The Long Knives
Traduction: Diniz Galhos

« Raciste et corrompu, le député Ritchie Gulliver est retrouvé mort dans un entrepôt d’Édimbourg.
Les suspects sont nombreux : concurrents, opposants politiques, victimes de ses escroqueries…
Sorti de désintoxication, l’inspecteur Ray Lennox est chargé de l’enquête. »
Quand on parle de polar écossais, on a tendance, et je fais mon mea culpa, à citer William McIlvanney et son fils Liam McIlvanney, Ian Rankin, Val McDermid ou à s’émerveiller sur Alan Parks quand on n’a jamais ouvert un roman glaswégien du clan McIlvanney. Alors peut-être est-ce parce qu’il n’écrit pas que des polars ou qu’il n’est pas dans la hype mais on oublie souvent de citer celui qui nous emmène vraiment dans le pire de l’Ecosse, à Edimbourg, je veux parler d’Irvine Welsh. Sûrement trop réaliste dans ses écrits, trop effrayant pour le lecteur en quête de polars d’investigation grand public, l’auteur de Trainspotting continue pourtant à écrire des polars qui flinguent ses lecteurs courageux tout en poursuivant sans relâche une critique méchamment acerbe de notre société consumériste et des nantis qui bénéficient de l’impunité pour leurs méfaits et saloperies.
Utilisant un parler spécifique de la capitale écossaise, Welsh nous plonge non pas dans le caniveau mais au plus profond des égouts d’Edimbourg et c’est moche, c’est sale, désespéré et certainement plus proche d’auteurs ricains comme Palahniuk de Fight club ou Brett Easton Ellis d’American psycho que de ses compatriotes.
Suite de Crime (2008) sorti en 2014 Au diable Vauvert et adapté en 2021 en une série très réussie visible actuellement sur Polar+ avec un Dougray Scott très convaincant dans le rôle de Ray Lennox flic borderline poursuivant un psychopathe, Les longs couteaux ne nécessite pas d’avoir lu le précédent pour entrer dans l’enfer.

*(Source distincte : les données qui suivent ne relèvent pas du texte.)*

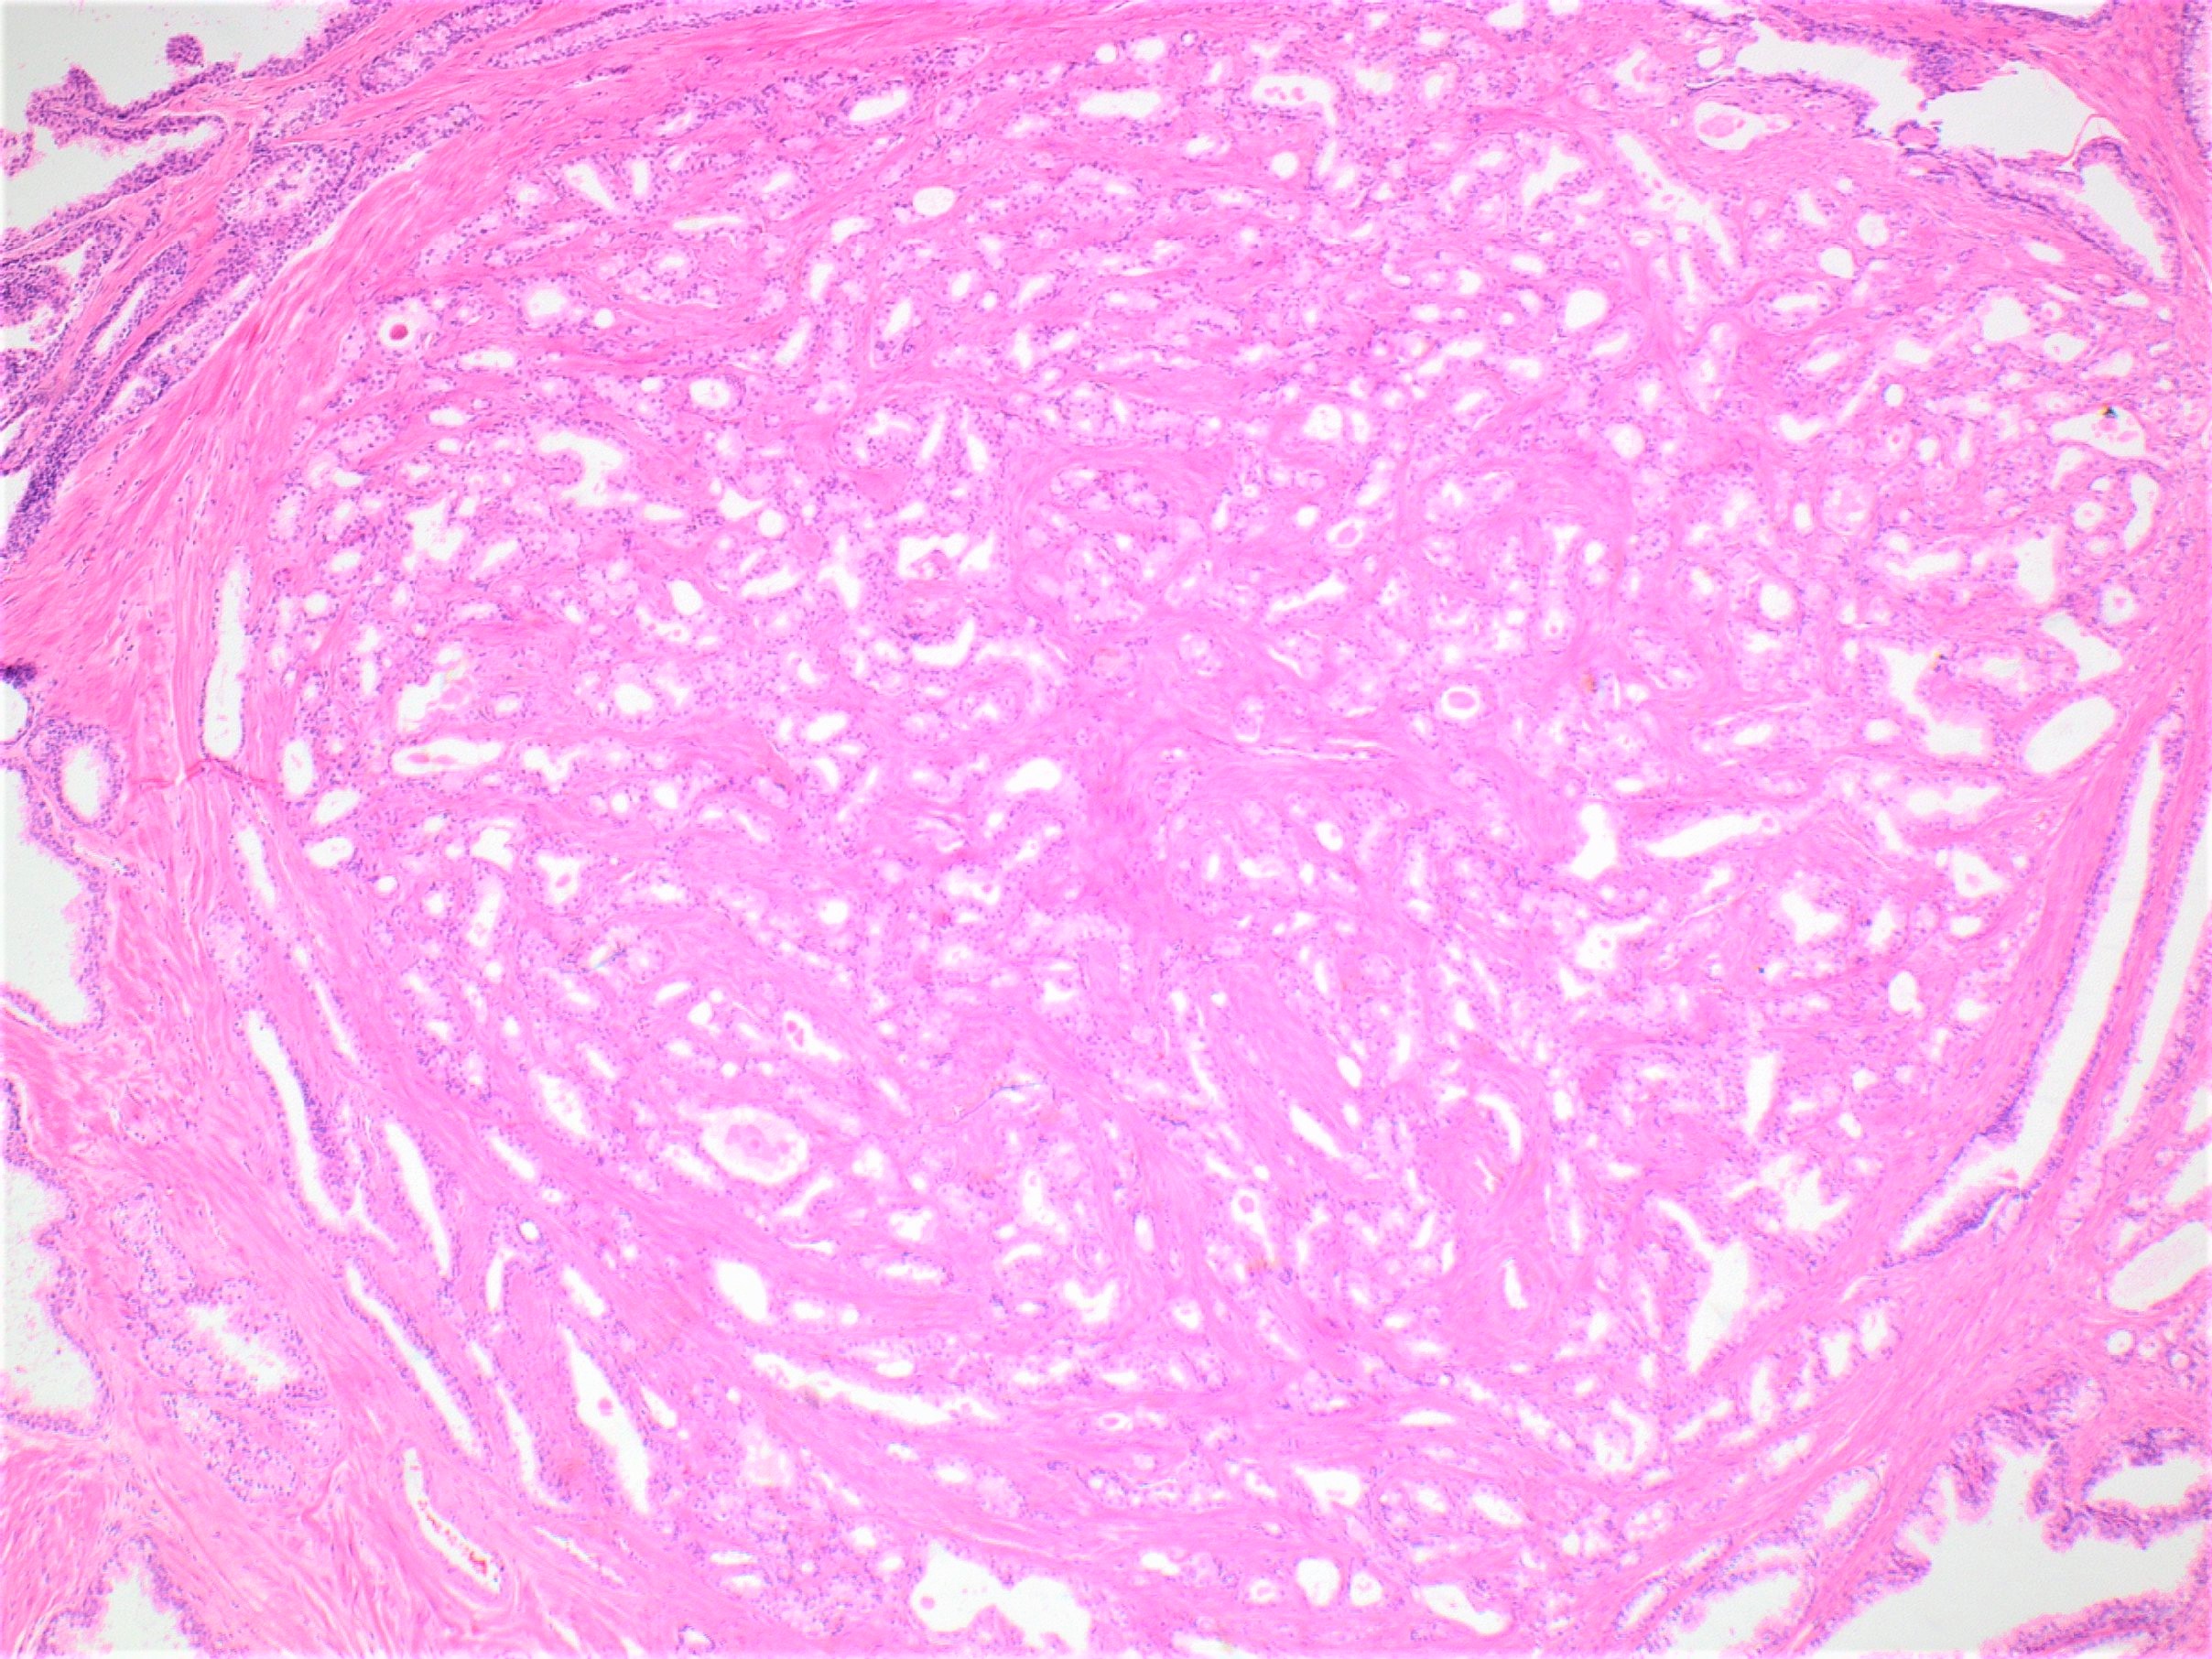 benign adenomyomatous hyperplasia of prostate icd 10

Aucun problème pour suivre, si on a les couilles (vulgarité volontaire mais totalement justifiée), Ian Lennox dans son terrible chemin de croix. Lennox subit pas mal de traumatismes et addictions qu’on attribue souvent aux flics de polars mais à la différence de certains auteurs qui accumulent les poncifs, chez Welsh tout parait très crédible, très en phase avec la terrible quête de Lennox aidé par un flic londonien aussi tourmenté que lui nommé Mark Hollis (un hommage au leader disparu de Talk Talk ?).
Irvine Welsh aurait raté le Booker Prize en choquant la sensibilité de certains membres du jury et on veut bien le croire. Ce roman trash, vulgaire diront certains détracteurs ou tout simplement très réaliste comme énonceront ses partisans dont je fais assurément partie ne s’adresse pas à tous les publics et il suffira au lecteur d’aller au bout d’un prologue éprouvant pour savoir s’il est prêt psychologiquement à accompagner Ray Lennox dans cette série de meurtres par émasculation. Oui quand même, c’est mieux de prévenir. Dans cette traversée du Styx uniquement tempérée par un humour aussi sombre que le climat ambiant, Welsh nous raconte les bas-fonds d’Edimbourg, nous convie à des excursions glauques à Londres et fait naître les origines de l’abomination plus loin, sur les pistes de ski des Alpes et à Téhéran dans la barbarie iranienne des mollahs.
« Les changements constants et rapides de notre monde cantonnaient le peuple dans un état de peur et de soumission absolu. Dressés à accepter leur propre servilité par la culture de la téléréalité et des tabloïds, ils en venaient à tolérer, voire à vénérer les abus des élites. »
Le verbe est puissant, les attaques contre les élites particulièrement percutantes, la faiblesse humaine est appréhendée à chaque page. Effroyable cauchemar, Les longs couteaux d’Irvine Welsh est un très grand polar certes trash mais également admirable dans son discours… pour public très averti.